The main motivation here is to delve deeper into convexity-preserving operations. It so happens that all subsequently introduced operations involve epigraphs. There is close connection between conjugacy and subgradients, and these operations also take part in Fenchel duality. As such, it is instructive to build some intuition of the basics before visiting the methods.

Remarks on simple convexity-preserving operations

There are a few commonly used criteria to construct convex functions as a composition of simpler ones. First, we summarize the ones that do not involve differentiability.

Claim 1 (Some convexity-preserving operations not involving conexity) If $f: \R^n \to \R$, then the following constructions hold:

  1. $f(\by) := \sup_x g_{\bx}(\by)$, if all $g_x(\cdot)$ are convex.
  2. $f(\by) := \lambda_1 g(\by) + \lambda_2 h(\by)$ for $\lambda_1, \lambda_2 > 0$ and $g,h$ convex.
  3. $f(\by) := \lambda g(\by)$, $\lambda > 0$ and $g $ convex.
  4. $f(\by) := \phi(g(\by))$, where $\phi$ is non-decreasing and convex, and $g$ is convex.

Proof. For the (1), note that the supremum of the fuctions is equivalent to intersection of epigraphs of the functions. Since the epigraphs are closed (for lower semi-continuous functions), so is their intersections, and thus the supremum is convex. Properties (2-4) are easy to verify.

As an example of the last operation, think of Jensen’s inequality, or taking $\phi(\bx) := -\log(\bx)$.

We now want to extend this set with initially obscure-looking operations, which will turn out to be very useful in later analysis.

Lower-envelope

Given a function, its epigraph is defined as all the points “above the graph”. We can establish a direction from sets to functions by defining a lower envelope as follows.

Definition 1. (Lower evelope) Given a set $S \subset \R^n \times \R$, its lower envelope $E_S(\bx)$ is defined as

\[\begin{equation} \begin{split} E_S(\bx) := \inf \{\mu \in (-\infty, +\infty] \mid (\bx, \mu) \in S \}. \end{split} \end{equation}\]

We can then establish that the lower envelope is convex. To do this, we first show that the epigraph of the lower nevelope has the natural form, from which it will immediately follow that the epigrah of the function is convex when the set $S$ is convex.

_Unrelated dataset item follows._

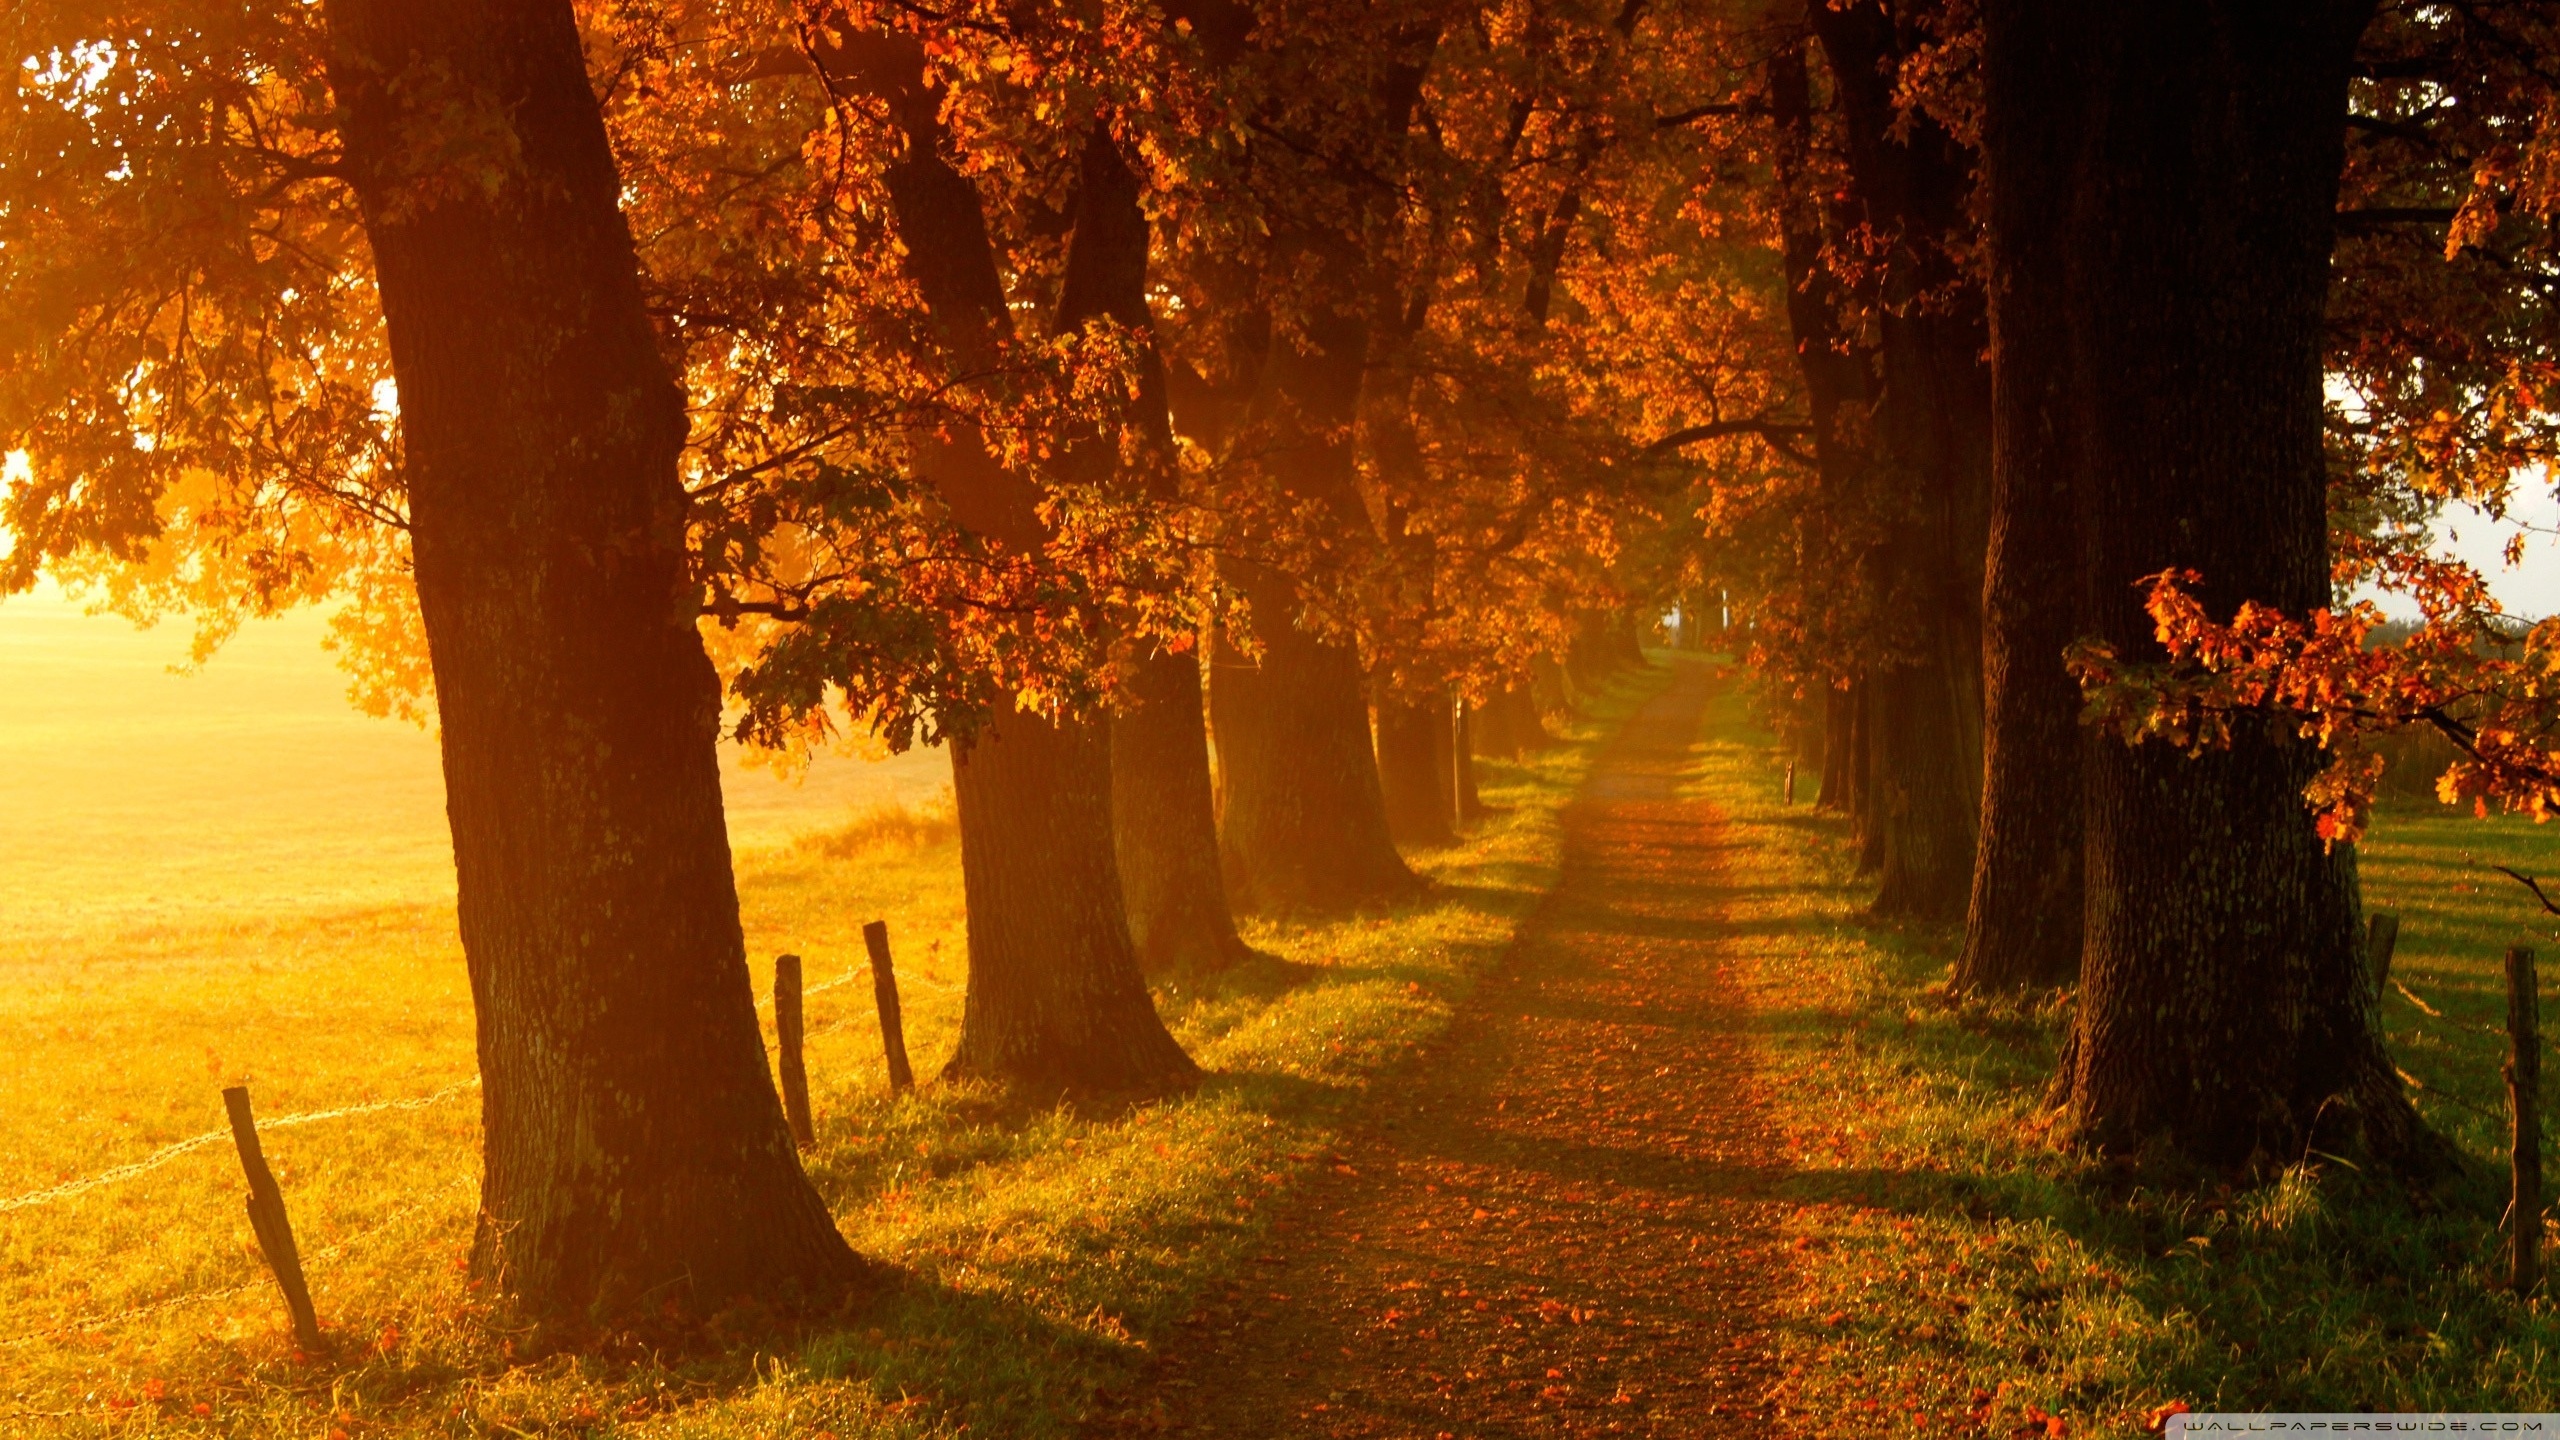 Autumn Walk HD desktop wallpaper : High Definition : Fullscreen ...

Proposition 1 (Lower envelope’s epigraph) (For a closed $S$ probably?) $\text{epi}(E_s(\cdot)) = S + ({ \bzero } \times \R_+)$.

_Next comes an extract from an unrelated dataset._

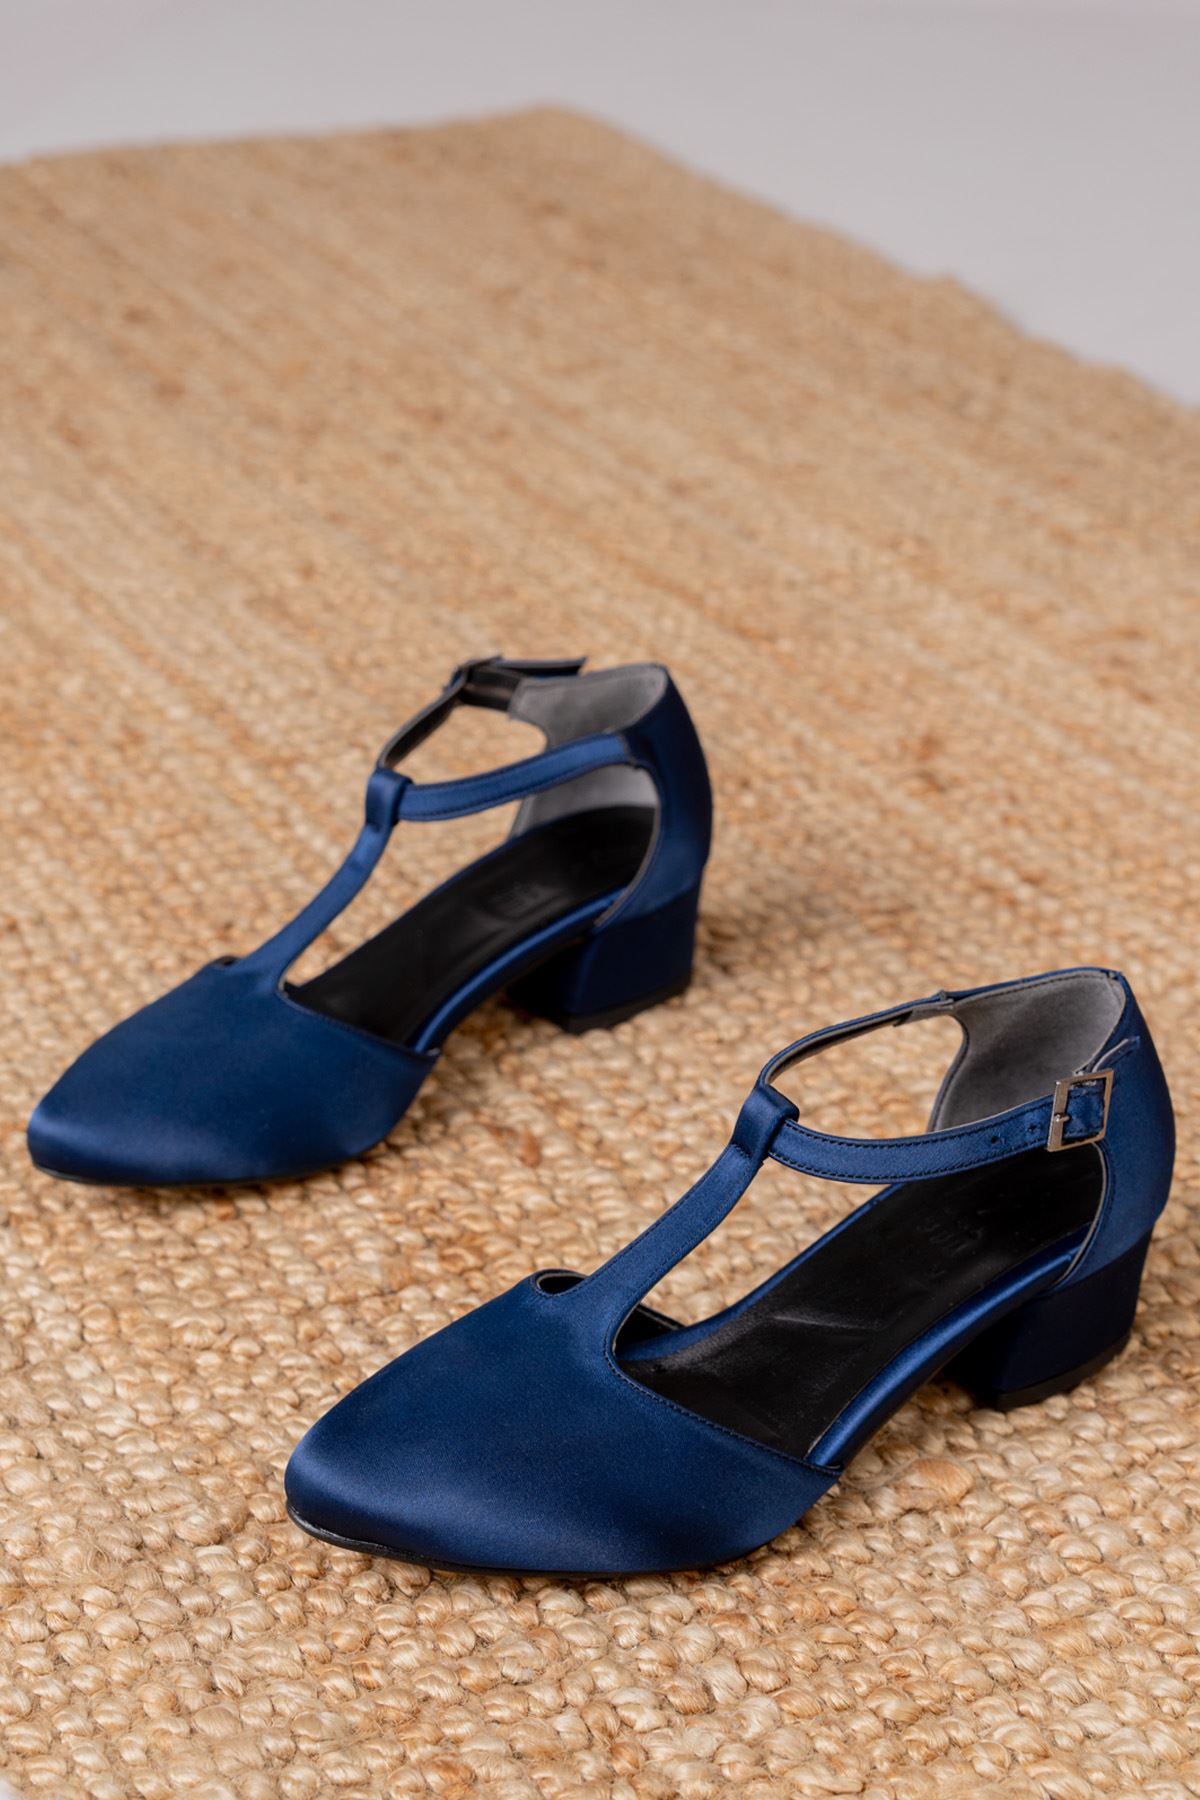 Jane Lacivert Saten Topuklu Kadın Ayakkabı

Proof. Denote $R = S + ({ \bzero } \times \R_+)$.
``$\supset$’’: Take $\br \in R$, then $\br = \bs + (\bzero, c), c > 0$. Thus $\br \in \text{epi} E_s$.

``$\subset$’’: Take $(\be, e) \in \text{epi} (E_s) $. If $E_S(\be)$ is finite, then there is a $c \in \R$ s.t. $(\be, c) \in S$. Since $S$ is closed, $(\be, c) \in S$, but then $c$ can be scaled to $e$ if $c < e$, and thus the inclusion holds. If $\text{epi}(E_S)$ is not finite, then either $E_S(\bx) = +\infty$, in which case the point is not in domain and thus the inclusion holds, or $E_S(\bx) = -\infty$, in which case and point is in the epigraph, so the inclusion also holds.

With this in mind, we can easily show that the lower envelope is convex if the set $S$ is convex.

Proposition 2 (Lower envelope of a convex set is convex) The lower evenlope $E_S(\cdot)$ of a set $S \subset \R^n \times \R$ is convex if $S$ is convex.

Proof. It is sufficient to show that the epigraph of the lower envelope is convex. Consider $\bu, \bv \in \text{epi}(E_s)$, then by the Proposition (1), we can write these as $\bu = \bs_1 + (\bzero, c_1), \bv = \bs_2 + (\bzero, c_2)$, where $\bs_1, \bs_2 \in S, c_1, c_2 \in \R_+$. Then for $\lambda \in (0,1)$:

\[\begin{equation} \begin{split} \lambda \bu + (1-\lambda) \bv &= \lambda (\bs_1, (\bzero, c_1)) + (1 - \lambda)(\bs_2, (\bzero), c_2))\\ &= \underbrace{(\lambda \bs_1 + (1-\lambda) \bs_2)}_{\in S} + \underbrace{(\bzero, \lambda c_1 + (1-\lambda) c_2)}_{\in \{\bzero \} \times \R_+}. \end{split} \end{equation}\]

which completes the proof.

Alternative Proof (I think?). Since a set is convex iff it is convex on every line segment, the convexity of the epigraph can be shown directly through definition.

Infimal-projection

One function that will repeatedly turn up and will serve to proving other epigraphical properties, is the infimal-projection.

Definition (Infimal projection) For a $g(\bx, \by): \R^n \times \R^m \to \R$, a function $f(\bx) := \inf_{\by} g(\bx, \by)$ is called the infimal projection of $g$.

We can then the infimal projection is convex when the $g$ is.

Proposition 3 (Infimal projection of a convex function is convex) If $g(\cdot, \cdot)$ is convex, then $f(\bx) = \inf_{\by} g(\bx, \by)$ is convex.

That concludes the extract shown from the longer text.